It’s poetry week here at con carne! To balance out the seriousness of Henley’s Invictus last time, here’s something a bit more whimsical. And much older; Andrew Marvell ‘s To His Coy Mistress pre-dates Henley by a good 200 years. Yet, both poems are about overcoming obstacles.
It must be said that the obstacles in question here are a bit different from the “bludgeonings of chance” that concern Henley. Marvell has something else entirely on his mind! And while Henley speaks of staying the course against all odds, Marvell’s advice is more carpe diem.
So for a little fun on Friday, I give you…
To His Coy Mistress
Had we but world enough, and time,
This coyness, lady, were no crime.
We would sit down, and think which way
To walk, and pass our long love’s day.
I’m going to interrupt from time to time to insert comments about the poem. It’s fairly long, and hopefully you’ll appreciate (rather than hate) the breaks.
I love how the poem opens, “Had we but world enough, and time,” is such a great line. It applies to much in life, so the poem grabs me immediately with a powerful thought. It immediately proceeds to mention a “coy lady” which sounds interesting…
Thou by the Indian Ganges’ side
Shouldst rubies find; I by the tide
Of Humber would complain. I would
Love you ten years before the flood,
And you should, if you please, refuse
Till the conversion of the Jews.
This part gets a bit opaque, but he’s suggesting his love could travel all the way to India (while he remained behind — the Humber is a river in Marvell’s home town in England), and it wouldn’t matter (if we had but world enough, and time).
He would love her 10 years prior to Noah’s great flood, and he will love her (even if she refuse him) until all Jewish people convert to Christianity. [That last line is perhaps vaguely irksome in these socially sensitive times. Keep it mind it was written 400 years ago!]
Our poet hasn’t even begun to plumb the depths of his hyperbolic multi-millennial love…
My vegetable love should grow
Vaster than empires, and more slow;
An hundred years should go to praise
Thine eyes, and on thy forehead gaze;
Two hundred to adore each breast,
But thirty thousand to the rest;
An age at least to every part,
And the last age should show your heart
For, lady, you deserve this state,
Nor would I love at lower rate.
See, when old poets start talking about breasts, high school boys start thinking, “Hey, maybe this poetry stuff is okay!” Two-hundred years, per!

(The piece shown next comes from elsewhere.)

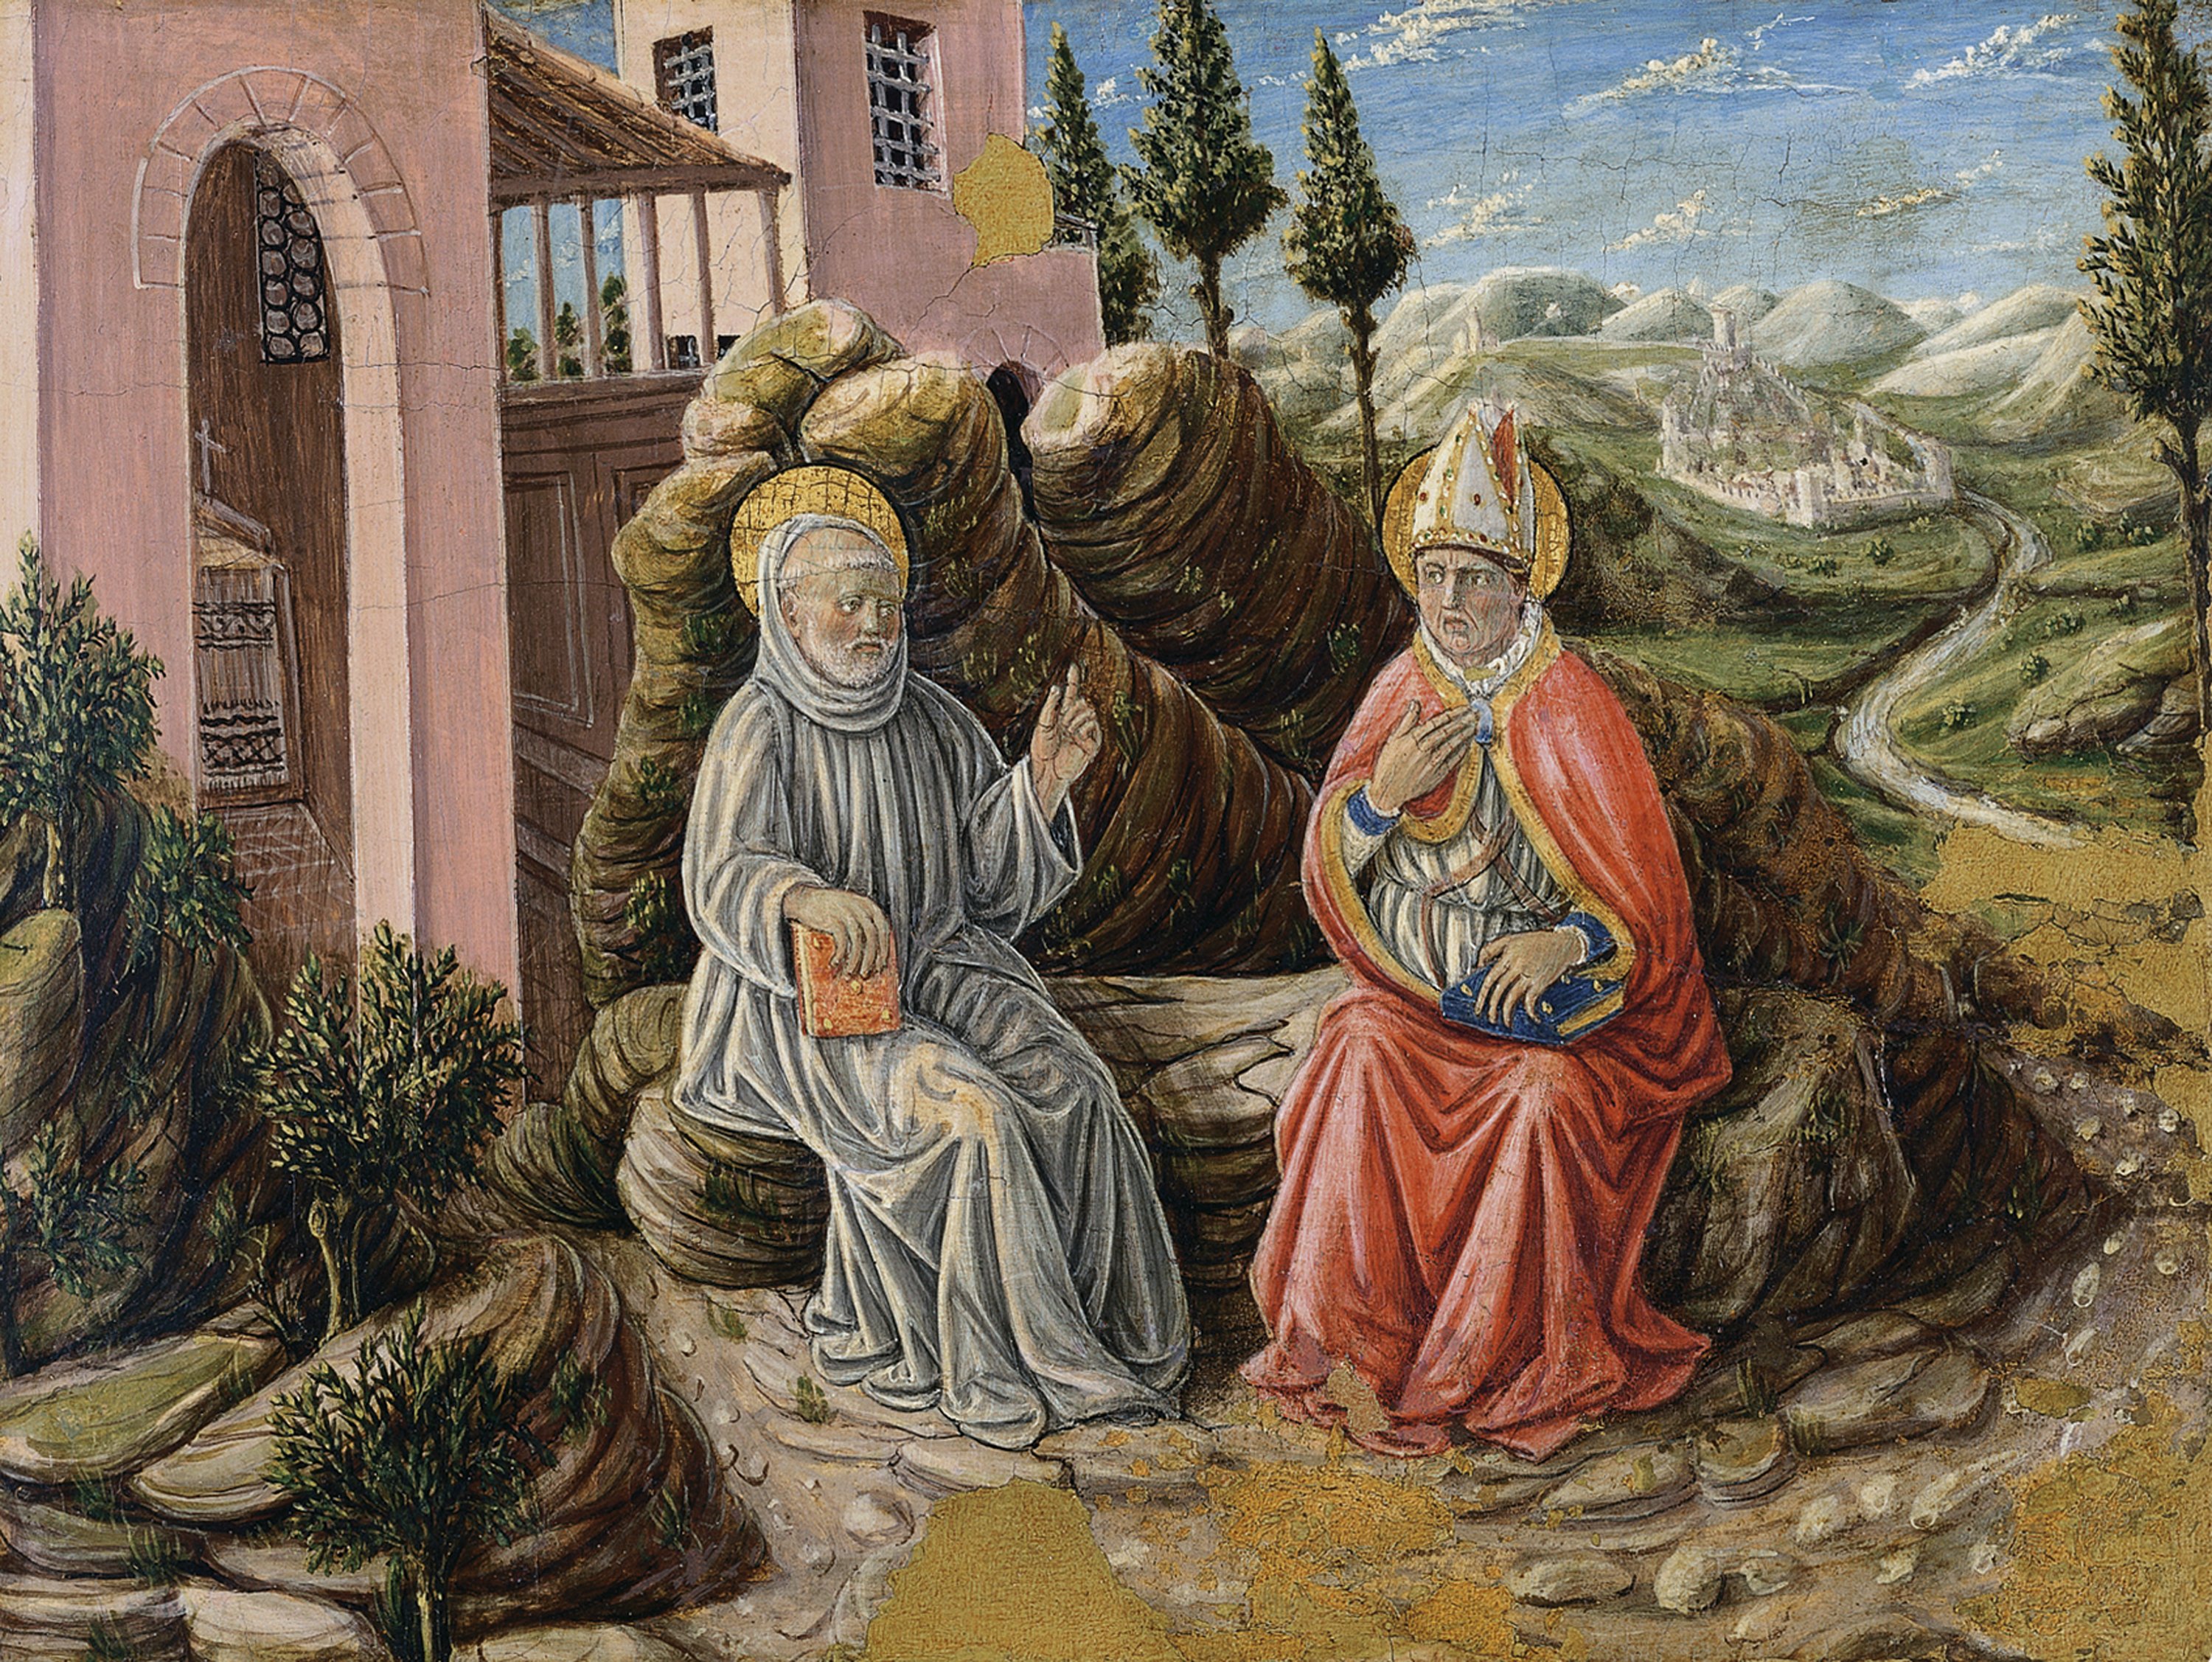 Saint Sabinus conversing with St. Benedict. San Sabino conversando con san Benito, 1473

His love is vaster than empires (the Roman one would be the standard in question here — it spanned three continents) and lasts longer (again, the Romans; they lasted 400 years or 1000 years depending on who you talk to). [Of course, if you really want to talk time span, go for the age of the Dinosaurs!]
Having proclaimed the greatness of his love if time were no matter, he shifts tone to point out that it does matter…
But at my back I always hear
Time’s winged chariot hurrying near;
And yonder all before us lie
Deserts of vast eternity.
The line about Time’s winged chariot is one of my favorite lines in all of poetry! And after the brief blip of a lifespan, the empty desert of eternity!
Having introduced the idea that we don’t have all the time in the world, now he puts on the pressure…
Thy beauty shall no more be found,
Nor, in thy marble vault, shall sound
My echoing song; then worms shall try
That long-preserved virginity,
And your quaint honor turn to dust,
And into ashes all my lust;
The grave’s a fine and private place,
But none, I think, do there embrace.
I do love that last couplet! And it sets a weird counterpoint to the idea of this being a romantic poem.
Having established a sense of urgency, now he makes his play…
Now therefore, while the youthful hue
Sits on thy skin like morning dew,
And while thy willing soul transpires
At every pore with instant fires,
Now let us sport us while we may;
And now, like amorous birds of prey,
Rather at once our time devour
Than languish in his slow-chapped power.
Let us roll our strength and all
Our sweetness up into one ball,
And tear our pleasures with rough strife
Through the iron gates of life:
Thus, though we cannot make our sun
Stand still, yet we will make him run.
And certainly one of my guiding principles has always been, “Now let us sport us while we may!” Time’s tide will wash away your days soon enough. Remember, you probably get less than 1000 “blobs”.
The same English teachers that we can credit with introducing me to Invictus and other greats can also be charged with introducing me to poems like this. I actually forget whether it was Mr. Wilson or Mrs. McGee; it easily could have been either!
Certainly I’ve been blessed in having parents and teachers that have exposed me to such powerful and explicative works.